A new study has found that doctors may be able to identify the risk of a heart attack in heart disease patients by recording their speech. A computer algorithm listening to voice recordings was able to spot heart disease patients at the highest risk of severe complications. Tiny changes in the voice are undetectable to the human ear but are signs of heart health. They include the frequency, tone and pitch of a person’s voice.
The researchers working on the project couldn’t explain why the voice was impacted by heart health. It could be changes in blood pressure or heart rate affecting the nervous system. Whatever the cause was, people who were marked as “high” by the algorithm were more than two-and-a-half times more likely to suffer from a heart attack. On top of that, people with high scores were three times more likely to have fatty build-up in their arteries when tested.

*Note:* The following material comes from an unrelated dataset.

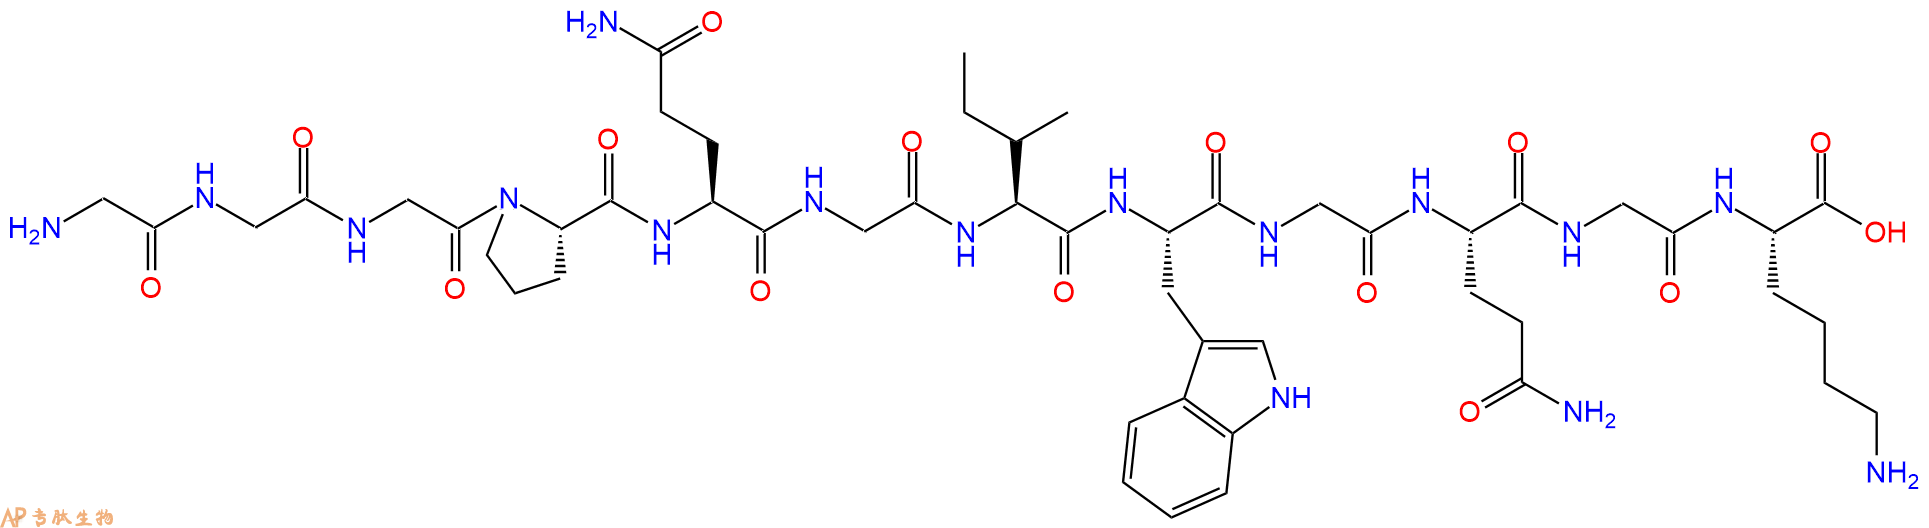 专肽生物产品金属基质蛋白酶2/9 (MMP2/9) 响应肽

The algorithm looks at more than 80 aspects of people’s voices. In the study, 108 people who doctors suspected had coronary artery disease recorded 90-seconds of their voices on their phones. They read from a script and then spoke from the heart about positive and negatives experiences in their own lives. The algorithm marked people as being either high or low risk. Then the team tracked the participants for two years. More than 58 percent of the high scorers went to the hospital for chest pains or heart attacks. More than 30 percent of the low scorers did.
The study’s co-author, Dr. Jaskanwal Sara, a research fellow at Mayo Clinic, said, “We’re not suggesting that voice analysis technology would replace doctors or replace existing methods of healthcare delivery, but we think there’s a huge opportunity for voice technology to act as an adjunct to existing strategies. Providing a voice sample is very intuitive and even enjoyable for patients, and it could become a scalable means for us to enhance patient management.”
It could be a valuable tool as doctors can learn to hear the changes. They are imperceptible to someone listening. “We can’t hear these particular features ourselves,” Dr. Sara said. “This technology is using machine learning to quantify something that isn’t easily quantifiable for us using our human brains and our human ears.”
With only 108 study participants, Dr. Sara wants to perform larger studies with more diverse groups of people to see if the algorithm is accurate. The people in the group were all around the same age, 60, and from the same location, so they mostly had similar accents. Having a large group of people from different backgrounds would challenge the algorithm and show if it can work for a broad range of people.